Peur du noir?
A Morat, Expo.02 nous propose de visiter «Blindekuh». Et de partager un long instant les sentiments que peut éprouver un aveugle. Obscurité totale.
Marcher dans un lieu clos, rien de plus facile. S’accouder à un bar, boire un verre, payer son dû? Pas plus compliqué. Quand on voit. Dans le noir le plus complet, les choses ne sont pas tout à fait aussi simples.
«Blindekuh» se traduit en français par «colin-maillard». A Morat, les visiteurs ont donc la possibilité de déambuler dans un espace noir. De s’y promener, en palpant les murs pour y trouver quelques objets inattendus, en écoutant différentes ambiances sonores.
Sur le sol, du gravier. Mais attention, une zone aussi aquatique qu’inattendue d’eau pourrait bien vous surprendre… Après la promenade, escale au bar. Dans la nuit totale, toujours.
Suivez le guide
La visite se fait, sur réservation, par groupe d’une quinzaine de personnes. Et chaque groupe est accompagné d’un guide. Aveugle. Le nôtre s’appelle Sylvan, il a perdu la vue à l’âge de neuf ans. Depuis, il ne voit rien. Même pas la moindre différence entre clarté et obscurité.
«Mais je ne vois pas noir, précise-t-il. Parce que j’ai des souvenirs. J’ai beaucoup de dessins dans ma tête, et j’en fait toujours de nouveaux. J’emploie mes souvenirs, et en fonction de ce que je sais de la situation où je me trouve, je les adapte.»
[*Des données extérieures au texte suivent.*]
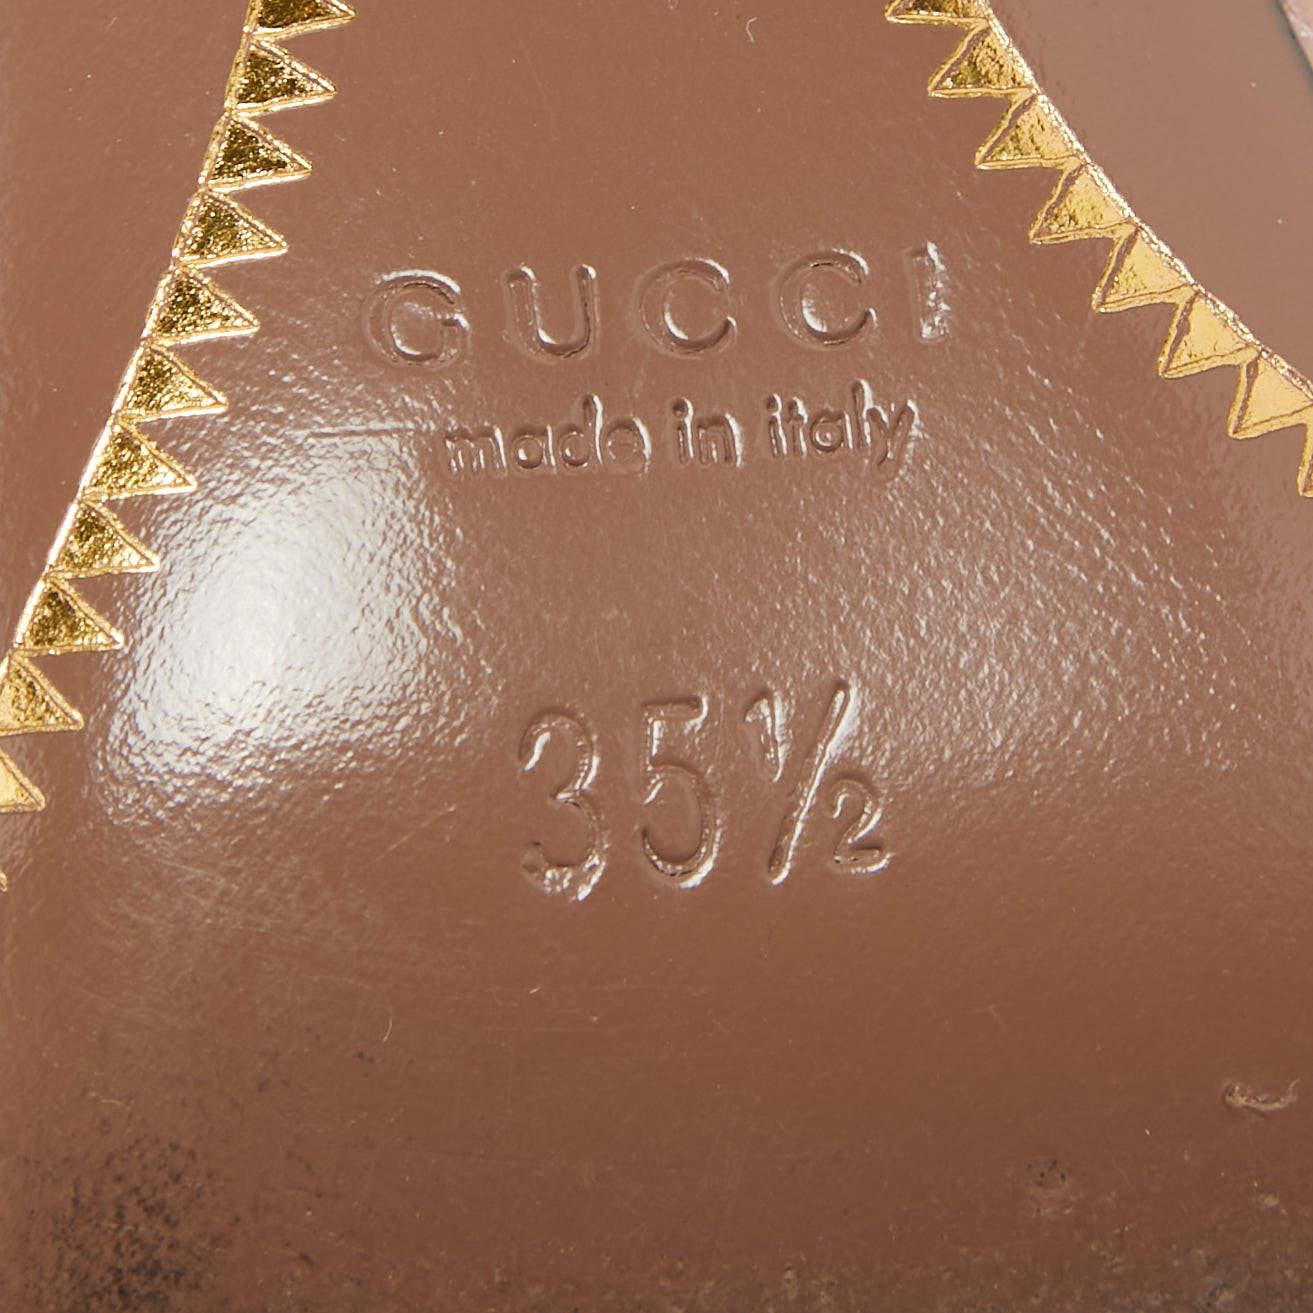 Gucci Pink Leather Guccissima Pumps Size 35.5 In Good Condition For Sale In Dubai, Al Qouz 2

Sylvan sera guide à «Blindekuh» pendant toute la durée d’Expo.02, une expérience dont il semble heureux: «C’est une façon de montrer comment on peut voir sans les yeux, mais avec les mains, les pieds, les oreilles.»
De Zurich à Morat
«Un changement de rôle», selon Jürg Spielmann, auteur du projet et aveugle lui-même. «Le but principal est que voyants et non-voyants se rencontrent. Dans la vie quotidienne, il y a beaucoup de préjugés. On sous-estime les personnes handicapées, explique Jürg Spielmann. Dans l’obscurité, on a besoin de leur aide. Et on constate alors qu’elles sont des personnes ‘vollwertig’, avec la même valeur qu’une autre».
L’expérience s’inspire d’un restaurant zurichois, qui porte également le nom de «Blindekuh». Un restaurant où on mange dans l’obscurité, et où on peut ‘assister’ à différentes prestations artistiques.
Même démarche à Morat, où, le week-end, ont lieu des spectacles: animations sonores, mais aussi chanteurs et musiciens (Laurence Revey, Irène Schweizer, Marco Zappa) ou des conteurs (Franz Hohler, Jean-Louis Millet).
Instant et éternité
Fin de l’escale au bar. Nous avons payé nos consommations, non sans nous en être remis à la confiance: dans le noir, feriez-vous la différence entre un billet de 100 francs et un billet de 20?
Nous longeons un couloir, entrevoyons une lueur, qui, progressivement s’affirme. Lorsque nous débouchons à l’extérieur, la lumière explose. Eblouissante. Mais rassurante, aussi. L’expérience est terminée. Intéressante, et même joyeuse. Parce que momentanée. Pour Sylvan, l’obscurité reste de mise.
Le thème générique de l’arteplage moratois, c’est «Instant et éternité»… A sa manière, «Blindekuh» en est bel et bien une illustration.